Больничная палата с единственной койкой, на которой он лежал, старый стол со стулом, напротив кровати — шкаф-развалюха. Две двери. Та, что слева от шкафа, приоткрыта, и за ней виден белый фаянсовый умывальник. И ни одного окна.
Виктор сел. На нем, как на пугале, висела пижама неприятного коричневого цвета: штаны и куртка. Под курткой он обнаружил белую майку старомодного кроя, на полу стояли ботинки без шнурков, служившие, очевидно; домашними тапочками. Виктор обулся и тут же все вспомнил.

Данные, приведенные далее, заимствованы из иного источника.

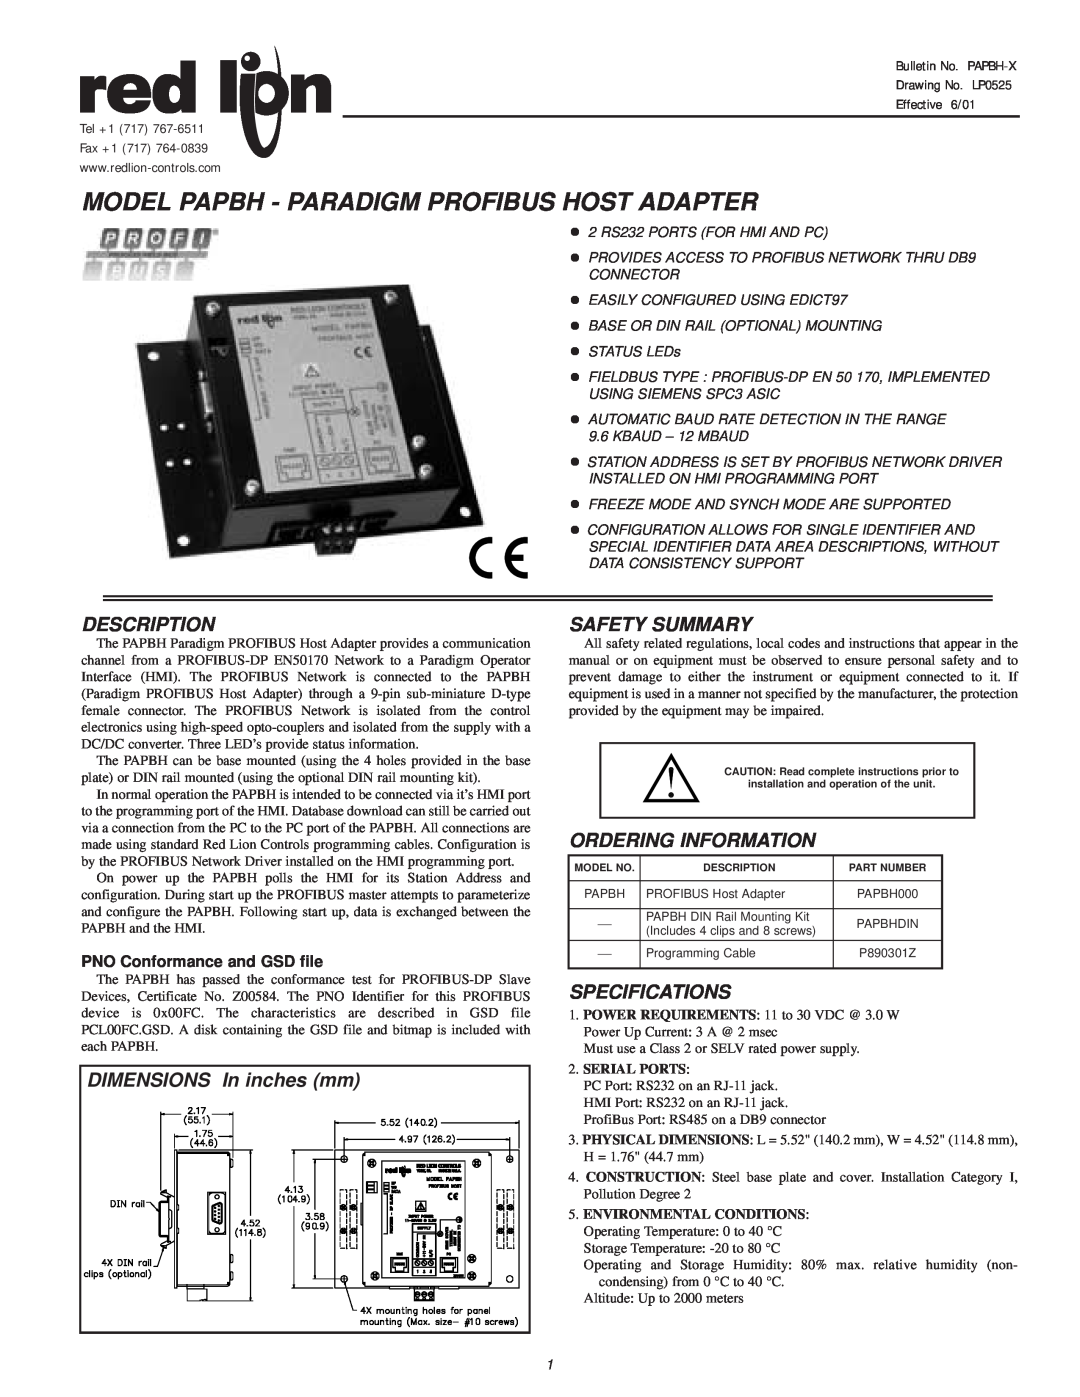 Siemens PAPBH dimensions Description, DIMENSIONS In inches mm, Safety Summary, Ordering Information, Specifications

Значит, он каким-то образом выжил?!
Он вскочил на ноги и кинулся к двери. За дверью тянулся унылый обшарпанный коридор захолустной больницы, несколько дверей располагались слева и справа. Место показалось Виктору знакомым. Он направился по коридору и оказался в холле, посреди которого стоял громадный стол, по виду помнивший заседания парткомов и кумачовую скатерть, окруженный такими же древними стульями. Здесь тоже не было окон. На стене висела репродукция картины «Лунная ночь на Днепре». Ни в коридоре, ни в холле не было ни души. И тут Виктор понял, что конфигурация помещений больницы соответствует расположениям отсеков на станции «Dream-2». Он уставился на две двери, выходящие в холл. За той, что слева, на станции находился отсек капитана, а здесь ее украшала табличка «Главный врач». Виктор подошел, постучал и потянул за ручку. Дверь оказалась заперта. Тогда он отправился к двери справа, где было написано «Смотровая», и тоже постучал. Дверь оказалась незапертой, и Виктор попал в комнату, несомненно, медицинского назначения. Он узнал и топчан, на котором очнулся несколько дней назад, и стол, и шкаф — белый железный шкаф с застекленными дверками, за которыми поблескивали какие-то склянки и инструменты.